Aus der Geschichte lernen
Schon immer sind neue Entwicklungen argwöhnisch beäugt und mit negativen Begleiterscheinungen assoziiert worden: verdirbt die Augen oder die guten Sitten, führt zu Verdummung oder Gewalt, Kinder lernen nicht mehr lesen und schreiben. Comics waren heiß diskutiert, Mickey Mouse zwischen Verbot und Analyse im Deutschunterricht, der Beatclub zu wild, die Musikerhaare zu lang, Bonanza zu gewalttätig und selbst die Sesamstraße wurde in ihren Anfängen vor 40 Jahren von Bayrischen Erziehungswissenschaftlern angefeindet.
Und immer hat sich bald herausgestellt, dass es eine Frage des Wie und Wozu und der Begleitumstände ist und dass die neuen Möglichkeiten auch jede Menge Chancen bieten. Verweigerung hat in der Regel zu Stillstand und Ausschluss von Entwicklungen geführt. Verbote werden umgangen, sobald sich eine Gelegenheit bietet.
Computer in der Grundschule – na klar!
Mit Beginn der Computernutzung jenseits des Informatikunterrichts Ende der 1980er-, Anfang der 1990er-Jahre galt zunächst weit verbreitet die Ansicht, dass Computer in der Grundschule nichts zu suchen haben. Das hat schon damals nicht alle überzeugt und gehört längst der Vergangenheit an. Nicht erst seit heute werden Erzieher_innen qualifiziert, um in Kitas mit den Kindern am Computer die Welt zu entdecken. Software on- und offline, die Spielen und Lernen verbindet und viele kreative Anwendungen bietet, fördert Lern- und Entwicklungschancen. Es muss hier wohl nicht betont werden, dass Erlebnisse ohne Computer und Internet keinesfalls vernachlässigt werden, dass Natur erleben, Spielen, Toben, Malen, Basteln mit Schere und Kleber usw. nicht durch digitale Erfahrungen zu ersetzen sind.
In den letzten Monaten steht die Verbreitung von Smartphones bei Jugendlichen im Focus – beginnend mit statistischen Angaben für 6jährige. Auch – bislang wenige - Grundschulkinder sind per Smartphone mit WhatsApp unterwegs, ganztags online und in Kontakt mit der Welt – die Reaktionen schwanken zwischen Ungläubigkeit („meine Kinder doch nicht“) oder Verbot einerseits und Überlegungen für Nutzungschancen zum sinnvollen Spielen und Lernen andererseits.

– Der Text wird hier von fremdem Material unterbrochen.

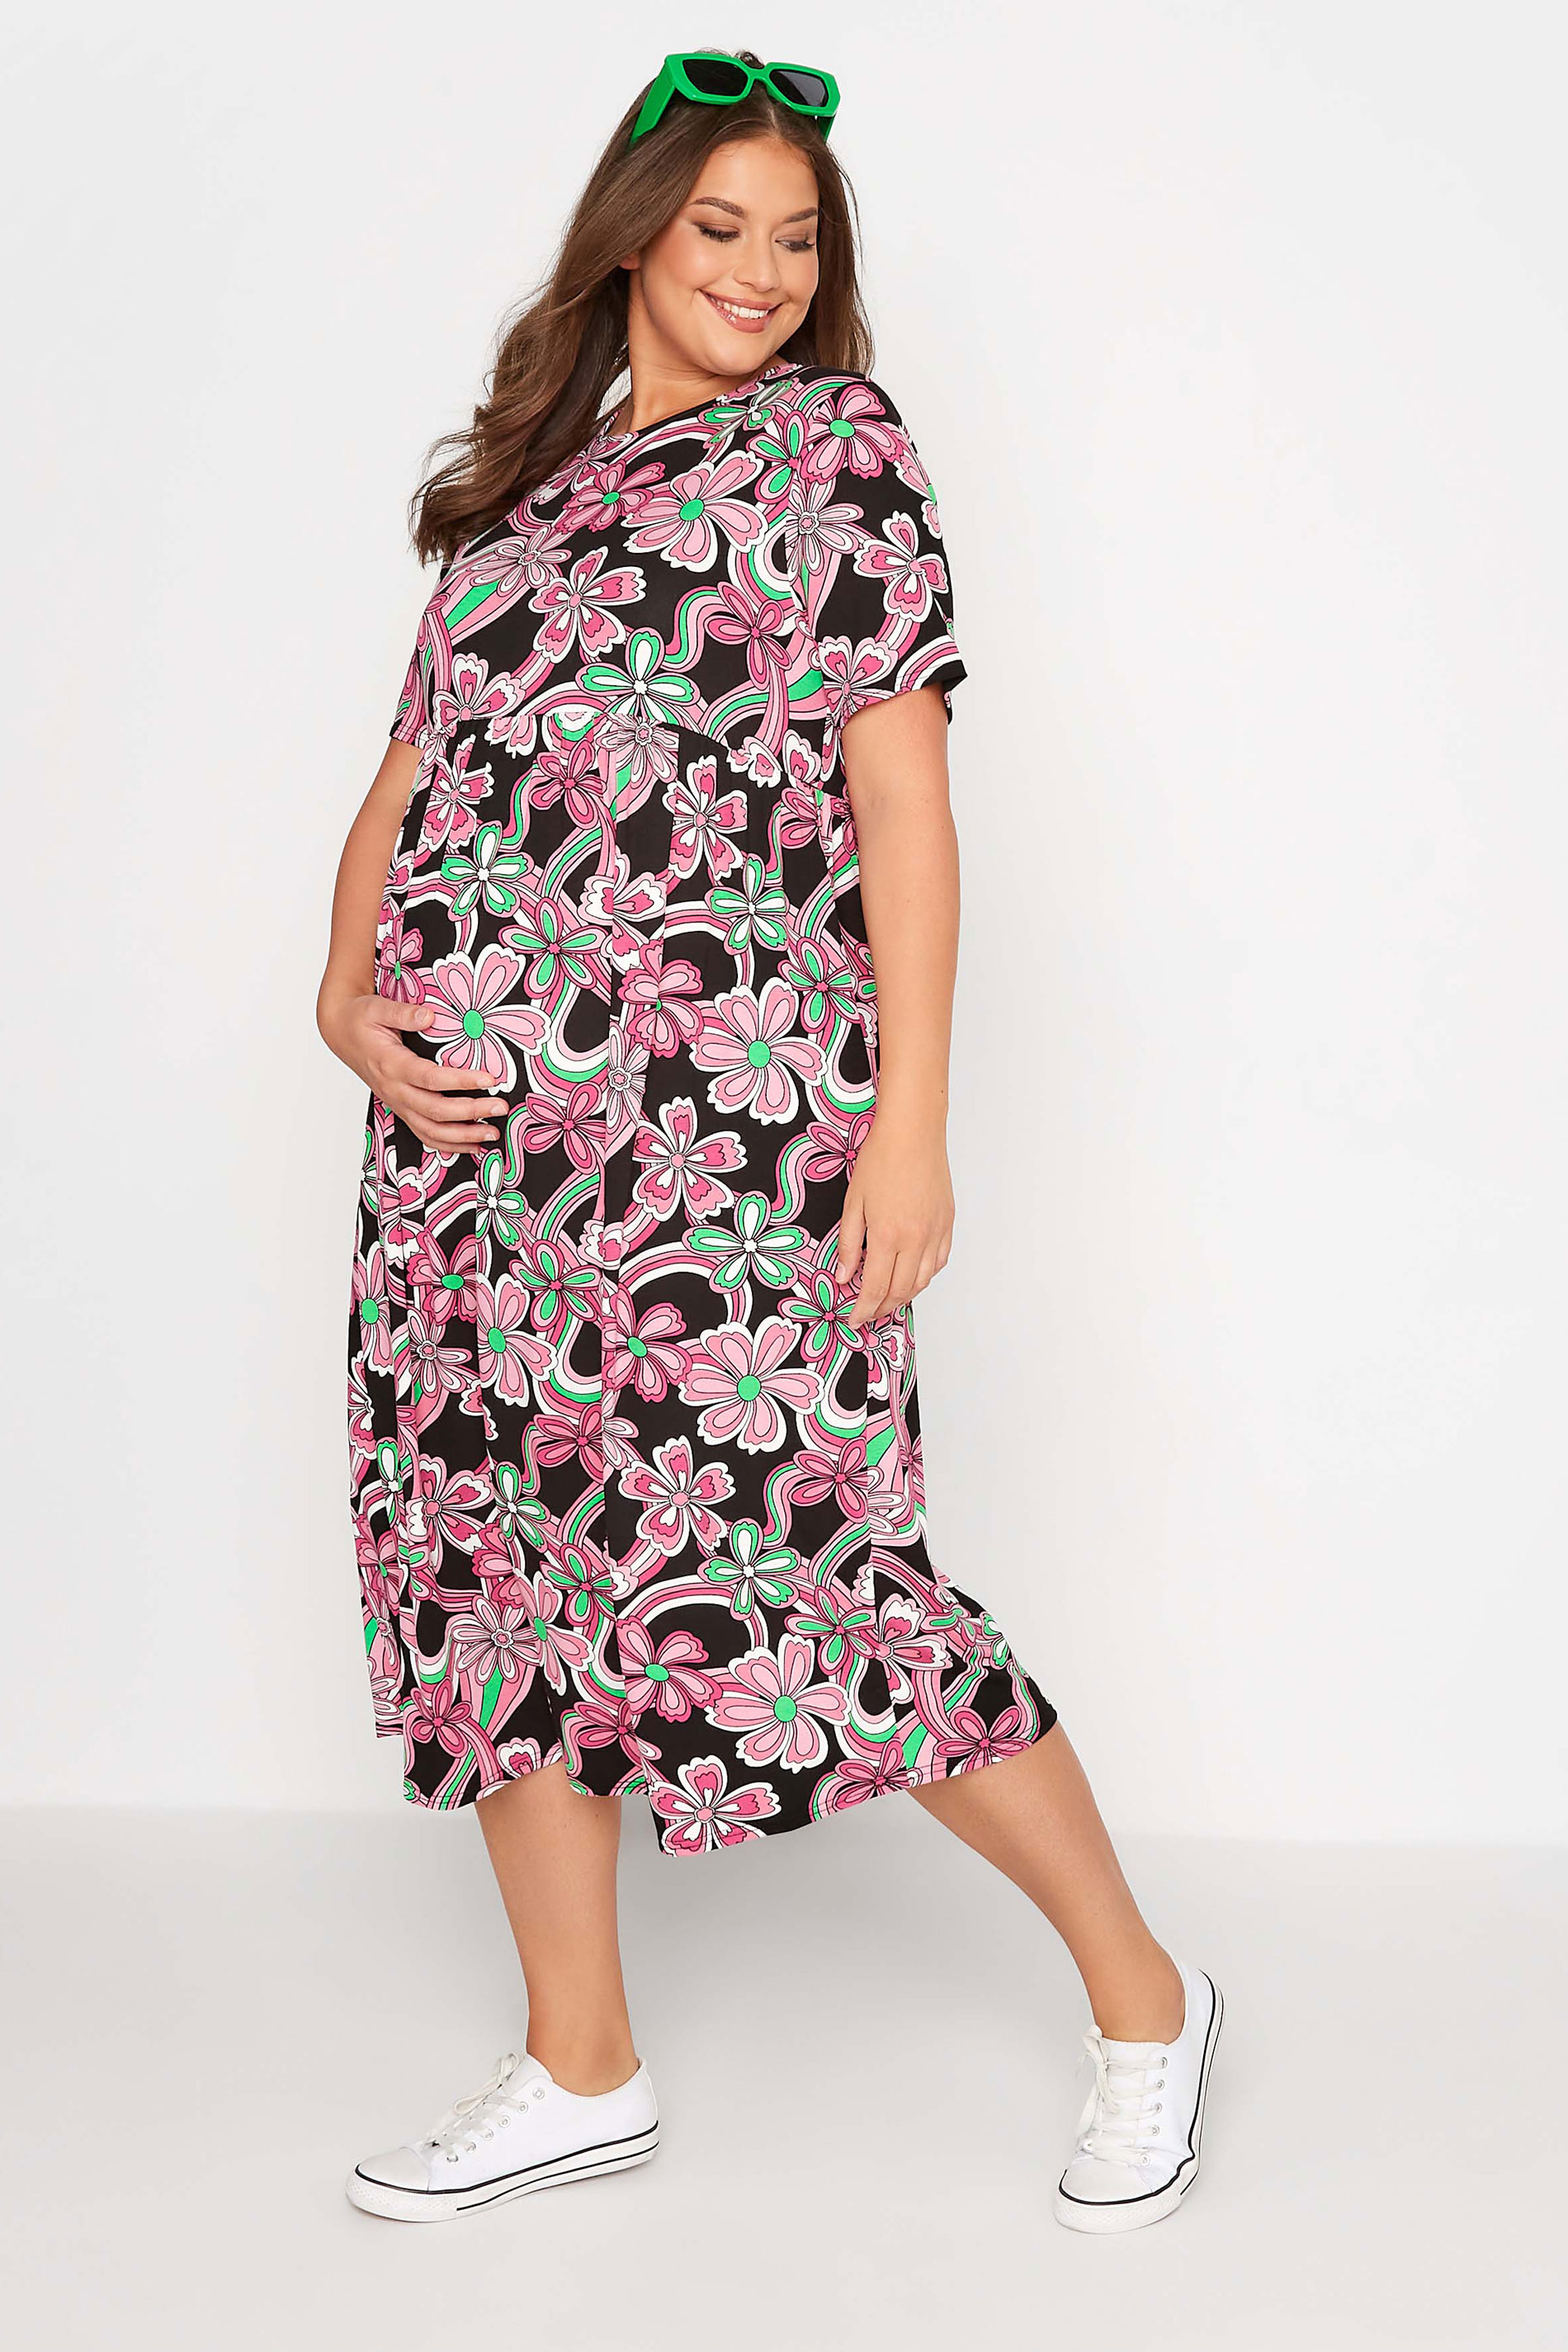 Grande taille  Vêtements de Grossesse Grande taille  Robe de grossesse | BUMP IT UP MATERNITY Curve Black Floral Pocket Dress - JY44062

Was bedeutet es für Bildung und Erziehung, für Schule und Unterricht, wenn sich Kinder alleine, unbeaufsichtigt im Netz bewegen? Wie kann Schule Kinder stärken, die neuen Möglichkeiten zu nutzen und Risiken zu meiden?
Ein paar Zahlen
Inzwischen sind alle Grundschulen mit Computern (meistens nicht genügend und nicht flexibel genug) und entsprechender Software ausgestattet, die mehr oder weniger intensiv genutzt werden. Die außerschulische Nutzung digitaler Medien von Kindern und Jugendlichen liegt weit höher, wie verschiedene aktuelle Studien zeigen:
82 Prozent der 6- bis 13-Jährigen verfügen über Computererfahrungen. Bei den 10- bis 13-Jährigen sind es sogar 97 Prozent. Von den Sechs- bis Neunjährigen nutzt inzwischen rund die Hälfte das Internet (Quelle: "KidsVerbraucherAnalyse", Egmont Ehapa Verlag, bei ZDF heute.de 7.11.2014)
„Smartphone und Internet gehören für Kinder zum Alltag“ betitelt die BITKOM ihre Umfrageergebnisse ( BITKOM-Studie Jugend 3.0, 2014). Die Studie zeigt, dass sich kleinere Kinder dem Internet über die Mediennutzung nähern. Gut die Hälfte (56 Prozent) der sechs- bis siebenjährigen Internetnutzer spielt online. Fast genauso viele (55 Prozent) schauen Videos im Internet. Nach den Ergebnissen der Umfrage nutzen ein Fünftel der Sechs- bis Siebenjährigen Smartphones. Im Alter von 12 bis 13 Jahren gehören Smartphones mit einer Verbreitung von 85 Prozent zur Standardausstattung.